WMATA policymakers hastily decided on a regimen of fines. A person is financially stressed, so the current fare structure verges on unaffordable, but that person must get to work. What if you make $7.25 per hour with an on-call work schedule? Recall that the National Capital Area is among the areas with an extremely high cost of living. Or, if a person is stuck in long-term unemployment with little to no savings (like I was)? You are trapped in a terrible position.
With the cruel reality that exists, however, we must ask the question–is an evaded fare gate worthy of
- a potential visit to the jail,
- a ruined record, that encourages exclusion from employment
- The intensive care unit (ICU), or
- The cemetery/crematorium?
I feel that WMATA officials responded too harshly to an issue that requires deeper thinking. Should Metro be a public service? Are the fares set too high? Can all users of the system be provided with a substantial transit subsidy?
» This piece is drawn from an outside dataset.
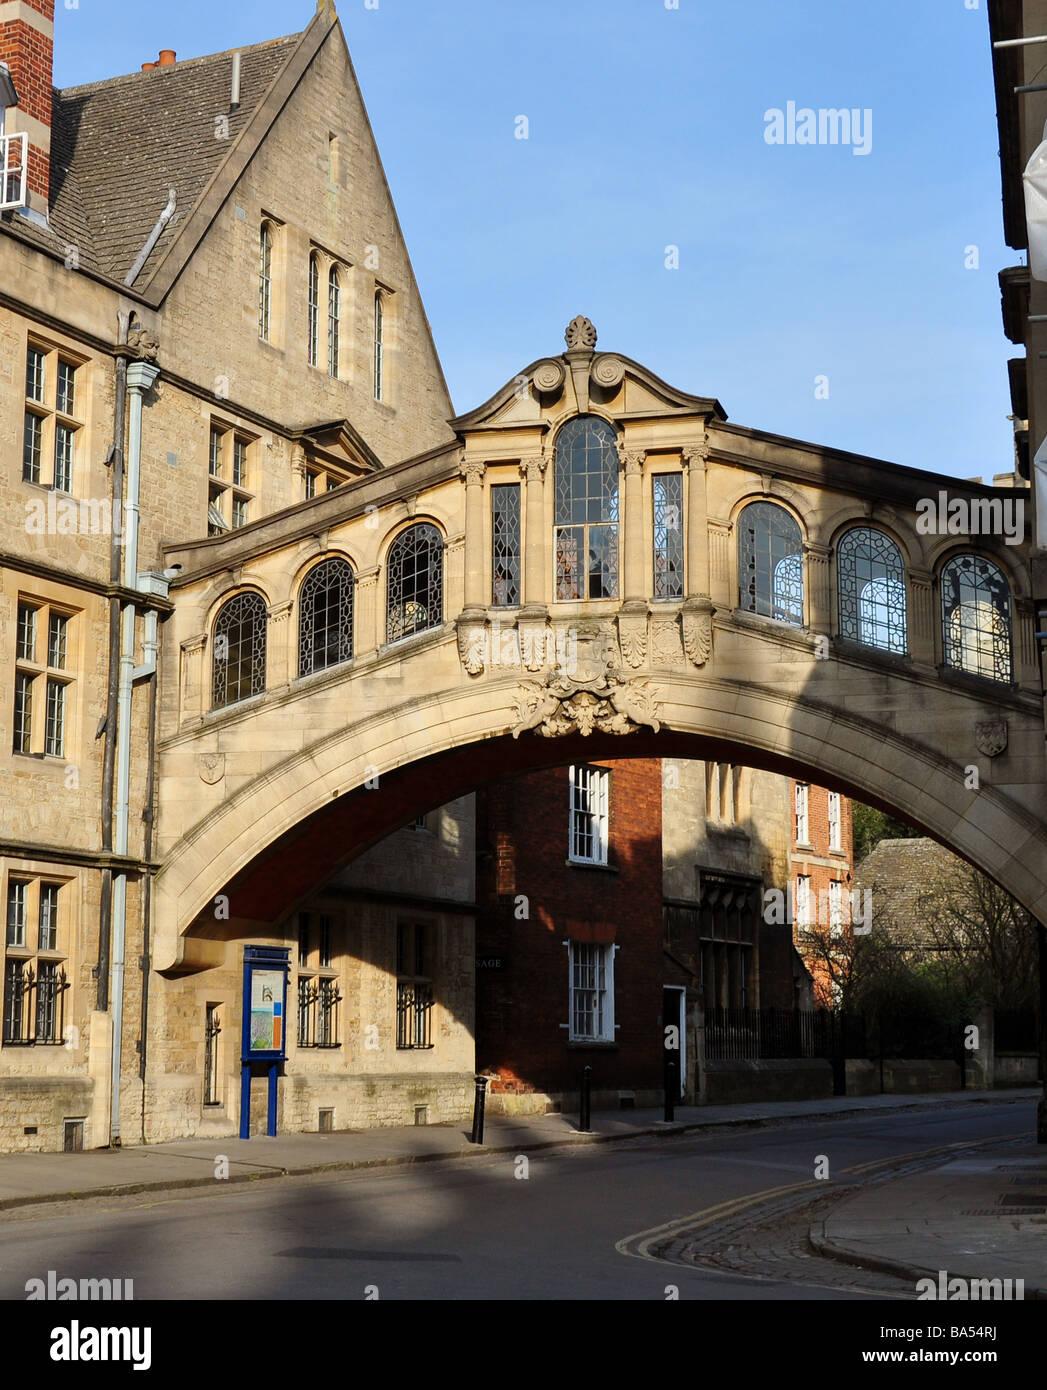 Bridge of Sighs, New Street, Oxford - Stock Image

To be fair, Metro Transit Police have avoided George Floyd, Philando Castile, level of controversy to date. But continued focus on police “enforcement” will bring a “critical incident event” to the WMATA system.
Reducing everything to profit and loss essentially erodes public service. Indeed, the extreme focus on “profit” has led corporations to raise prices for everything so that the Chief Executive Officer can meet his or her “performance goals”.
The concerns of the people who live here are discarded as unimportant. And, we have an “inflation” result.
The Federal Reserve Chairman, Jerome Powell, a multimillionaire, decided that there must be widespread unemployment among the poor and middle class. He, his family, and his friends will endure none of it.
The politicians in this area, the Mayor of the District of Columbia, the Governors of Maryland and Virginia, have been silent in explaining the terrible results that will come from Federal Reserve policy. Or, watch the CNBC television series, “American Greed” to see the wickedness that results from a sole focus on “profit”.
WMATA: A Public Good and Public Service
I urge WMATA policymakers and the governments of the District of Columbia, Maryland, and Virginia to focus more on what is the purpose of our Metro system. I think a broad transit subsidy is preferential to a fine, which is the start of a pathway to violence and personal ruin, financially and literally.